* [EXERCISE DATA]:
↓

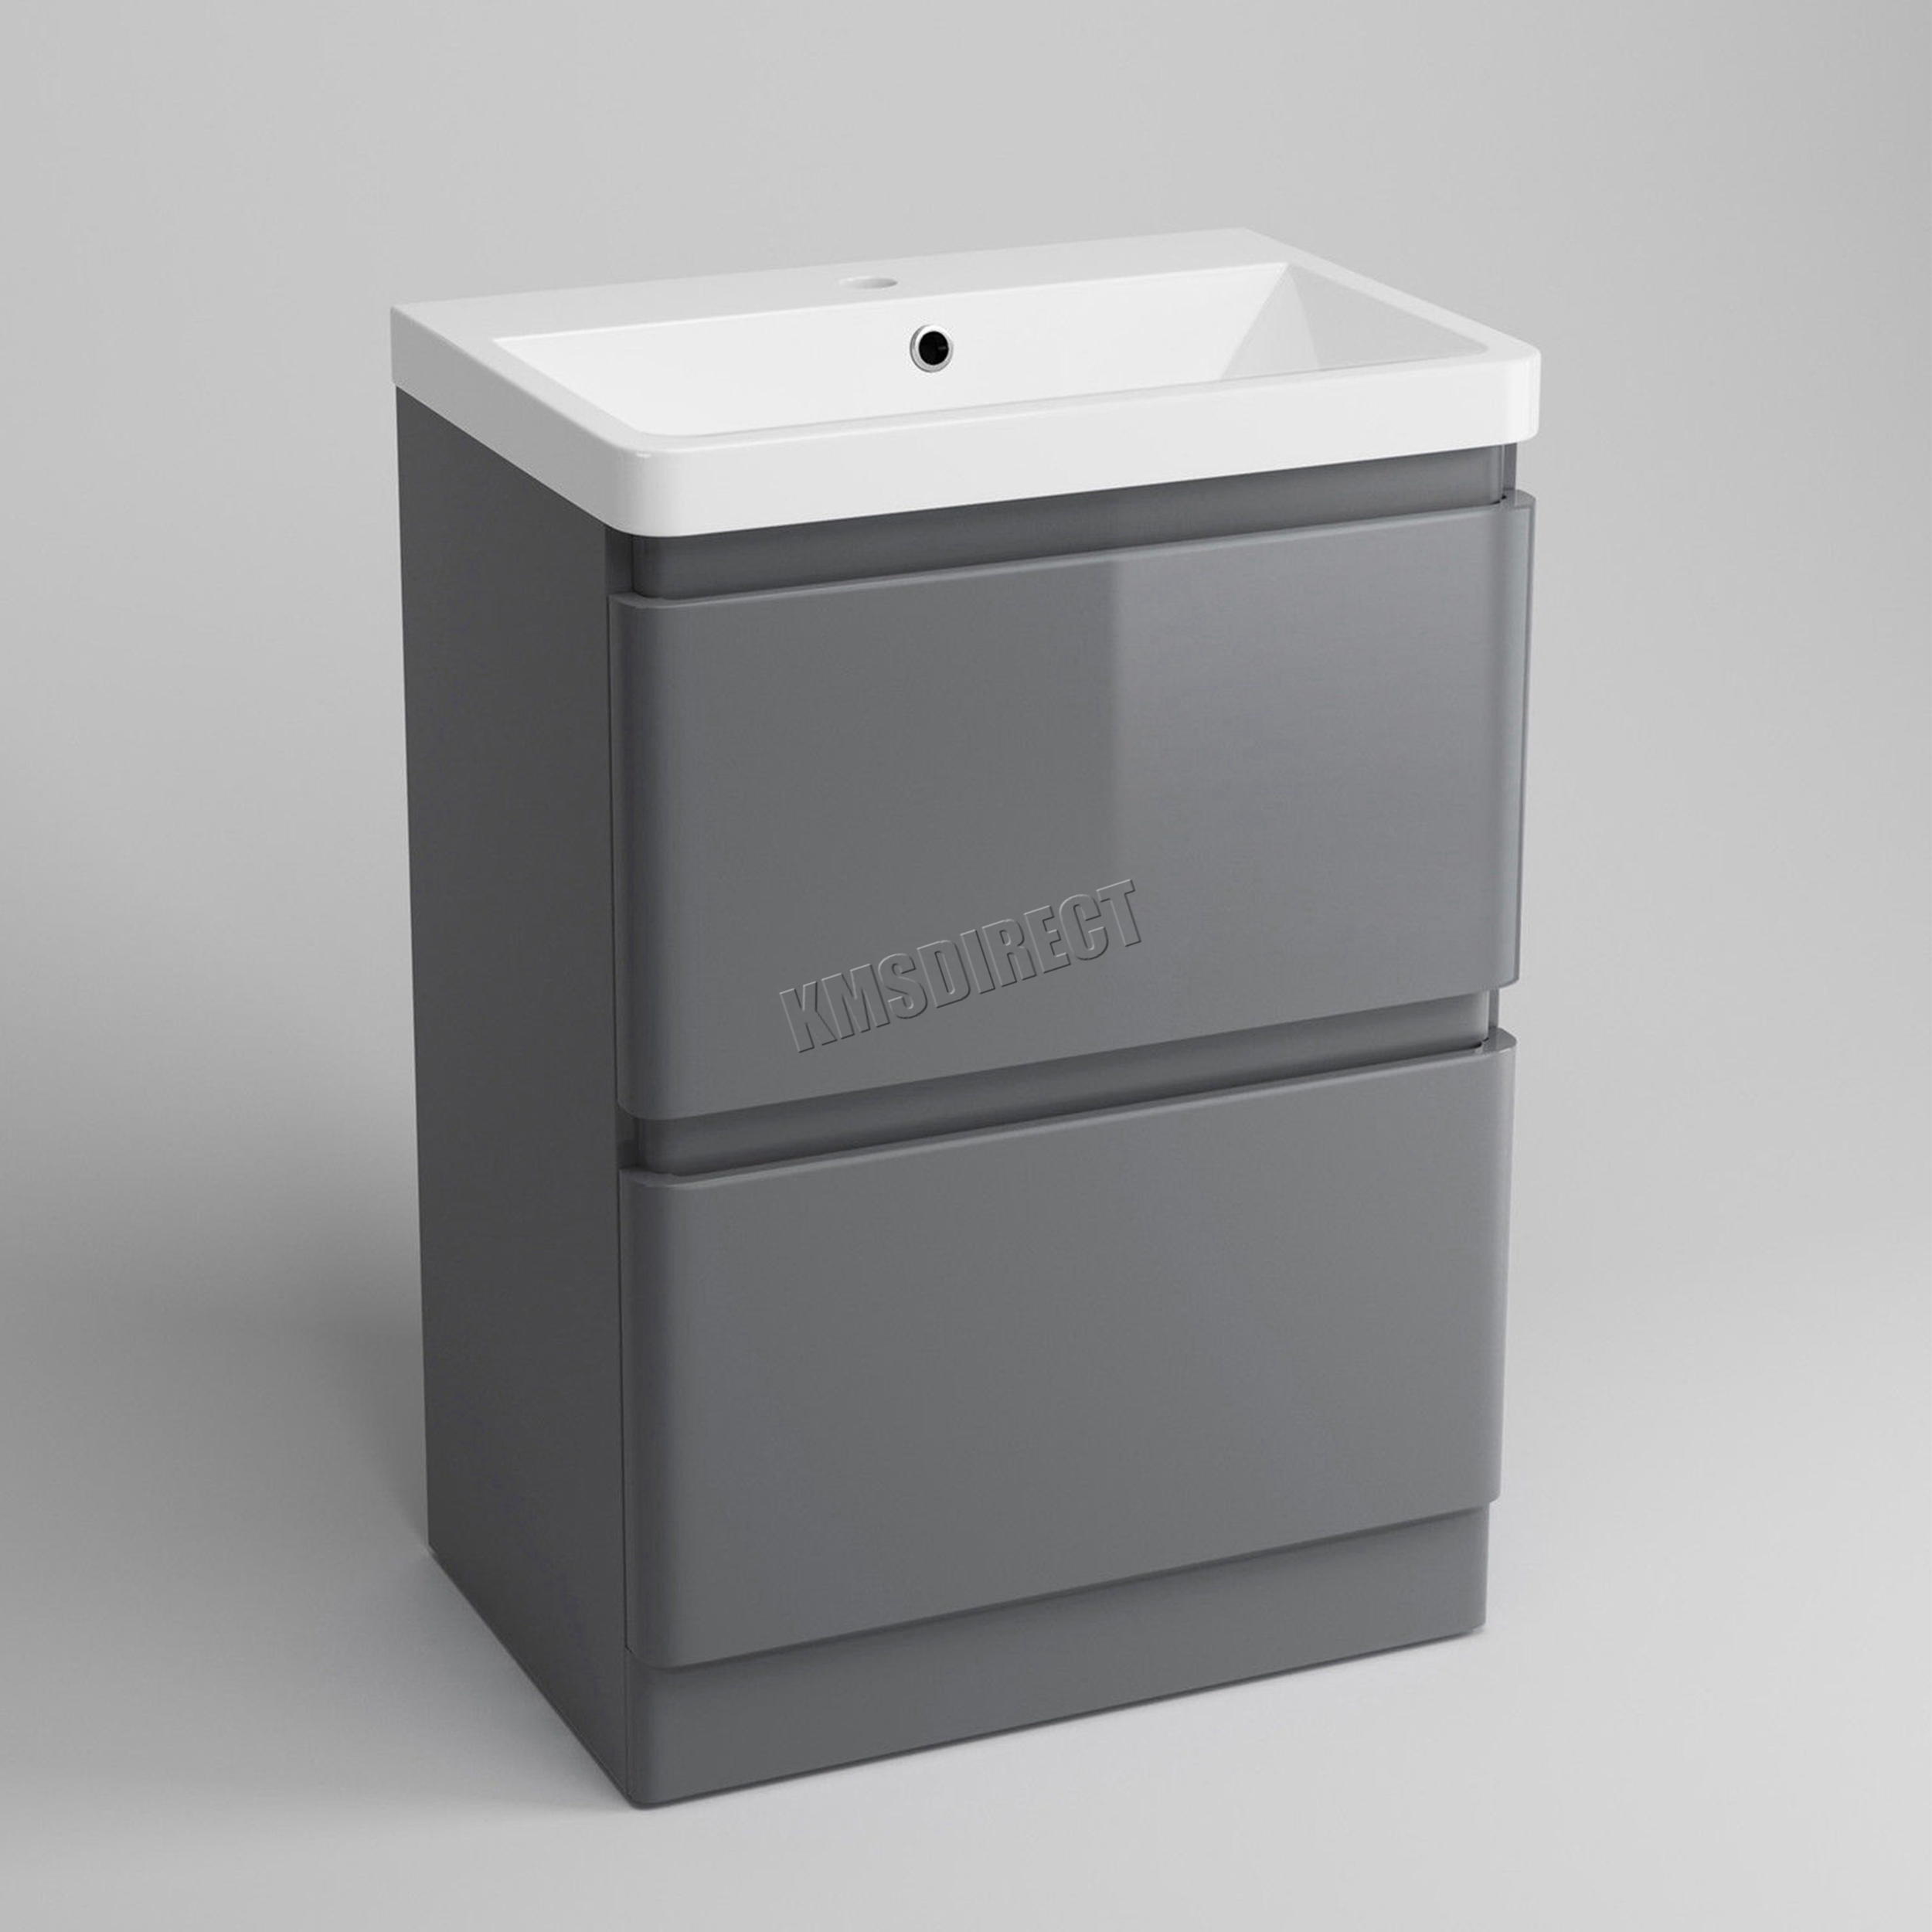 Foxhunter Vanity Unit Mdf High Gloss 2 Drawers Basin Bathroom Cabinet Storage Ebay
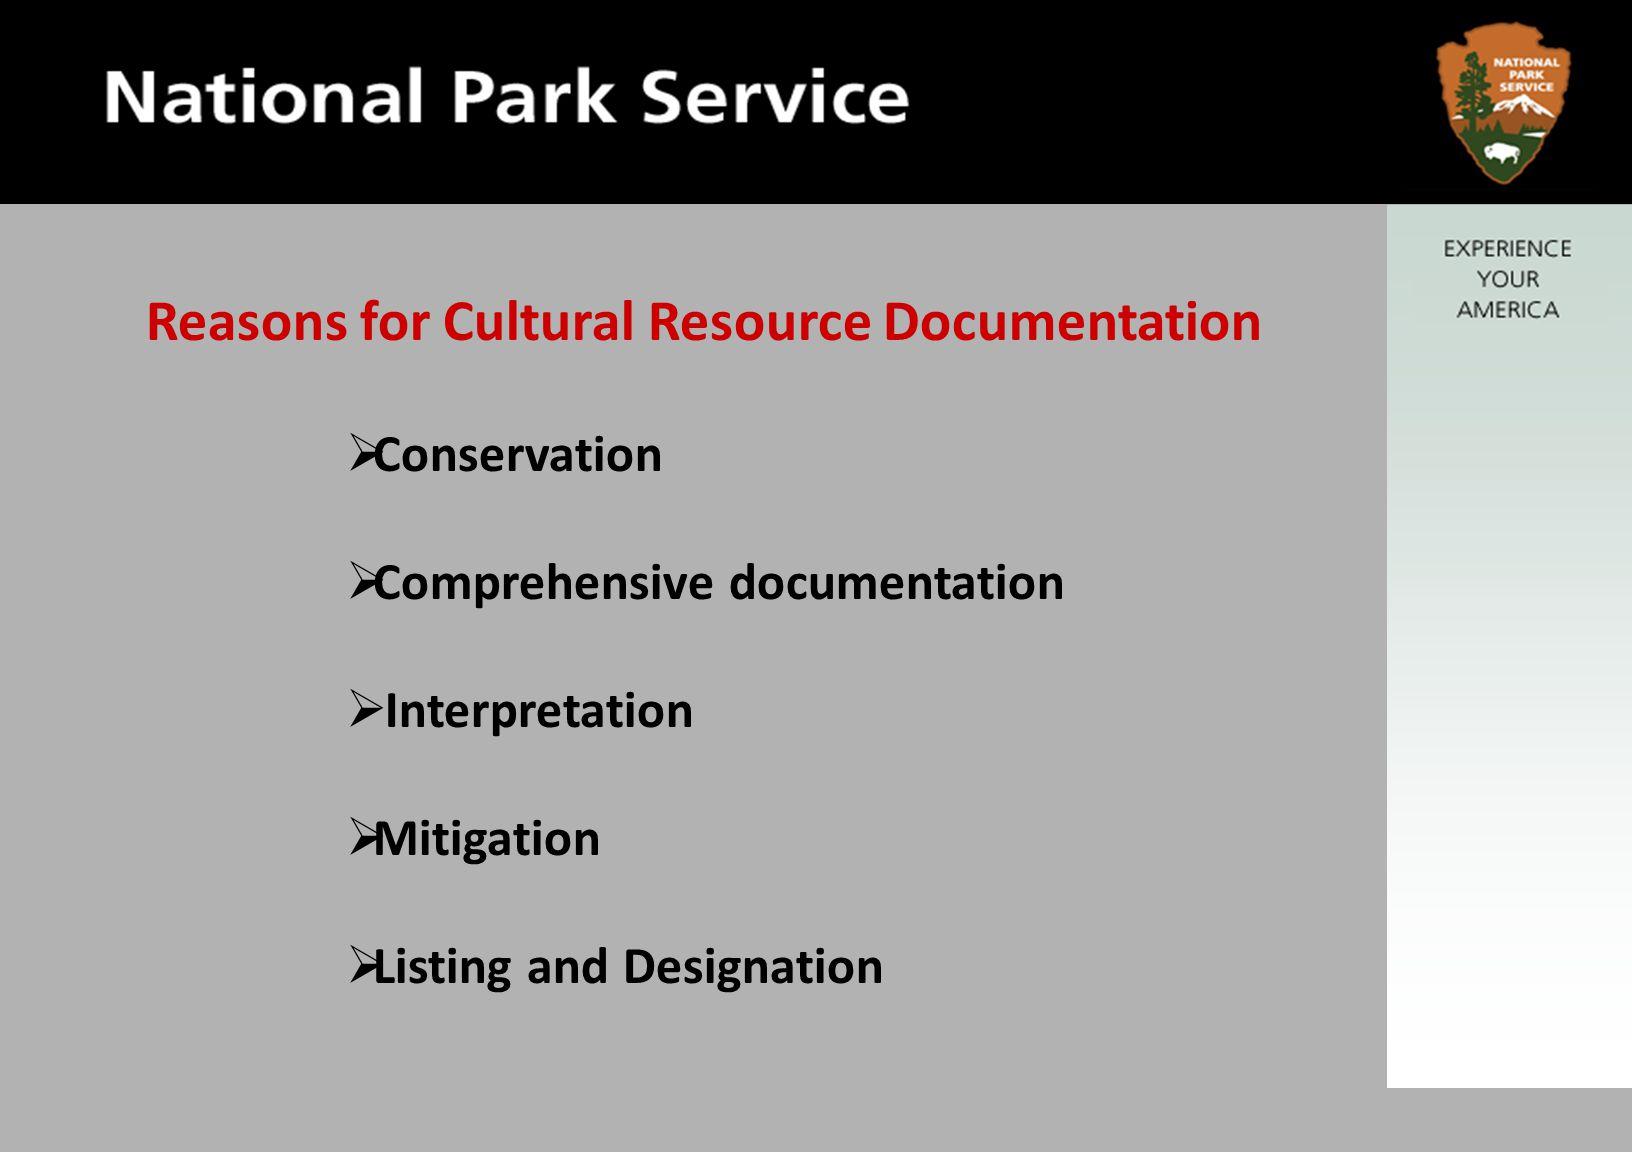  Conservation  Comprehensive documentation  Interpretation  Mitigation  Listing and Designation Reasons for Cultural Resource Documentation
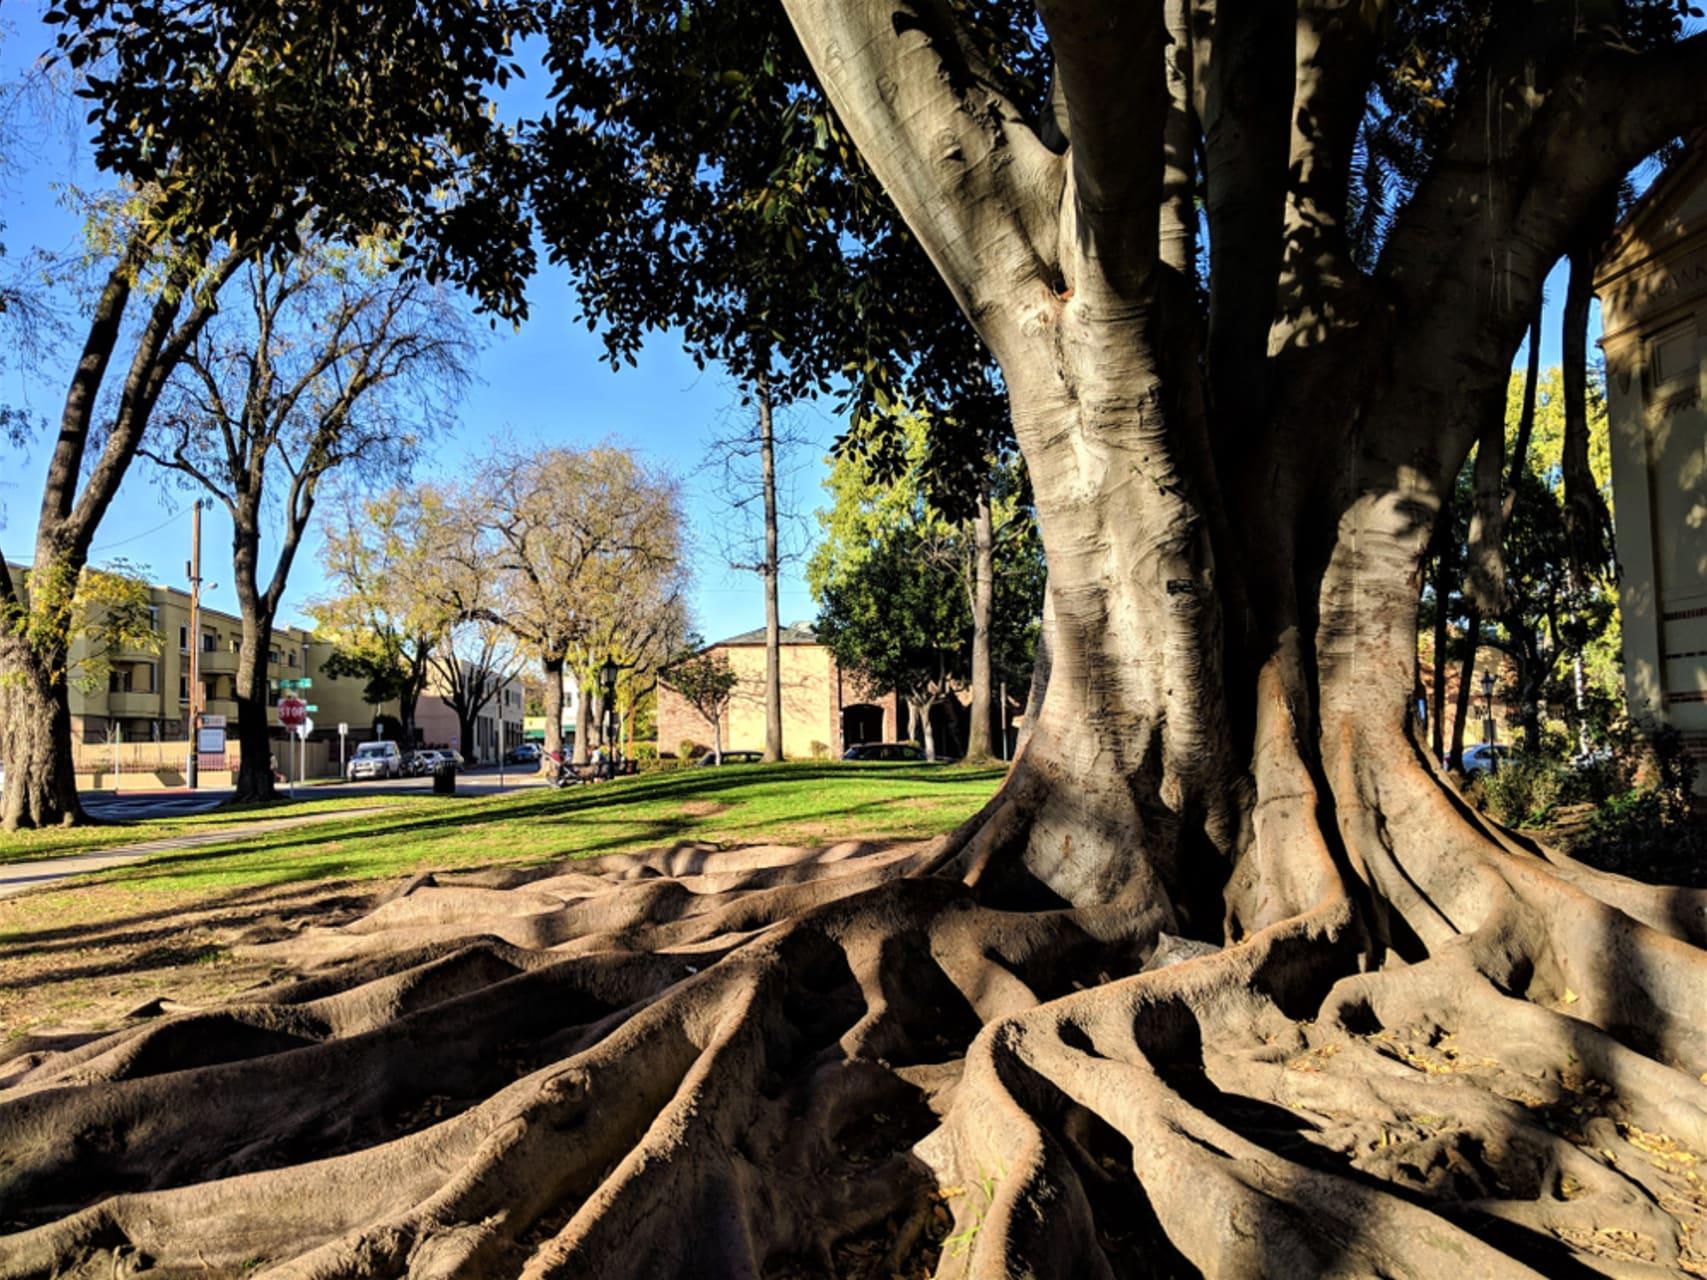 Los Angeles - The Neighborhoods of Los Angeles - Bungalow Heaven

↑

* [AIM OF THE TASK]: Omit the pictures. Repeat the rest of the data exactly.

* [SOLUTION TO THIS EXERCISE]:
 Foxhunter Vanity Unit Mdf High Gloss 2 Drawers Basin Bathroom Cabinet Storage Ebay
  Conservation  Comprehensive documentation  Interpretation  Mitigation  Listing and Designation Reasons for Cultural Resource Documentation
 Los Angeles - The Neighborhoods of Los Angeles - Bungalow Heaven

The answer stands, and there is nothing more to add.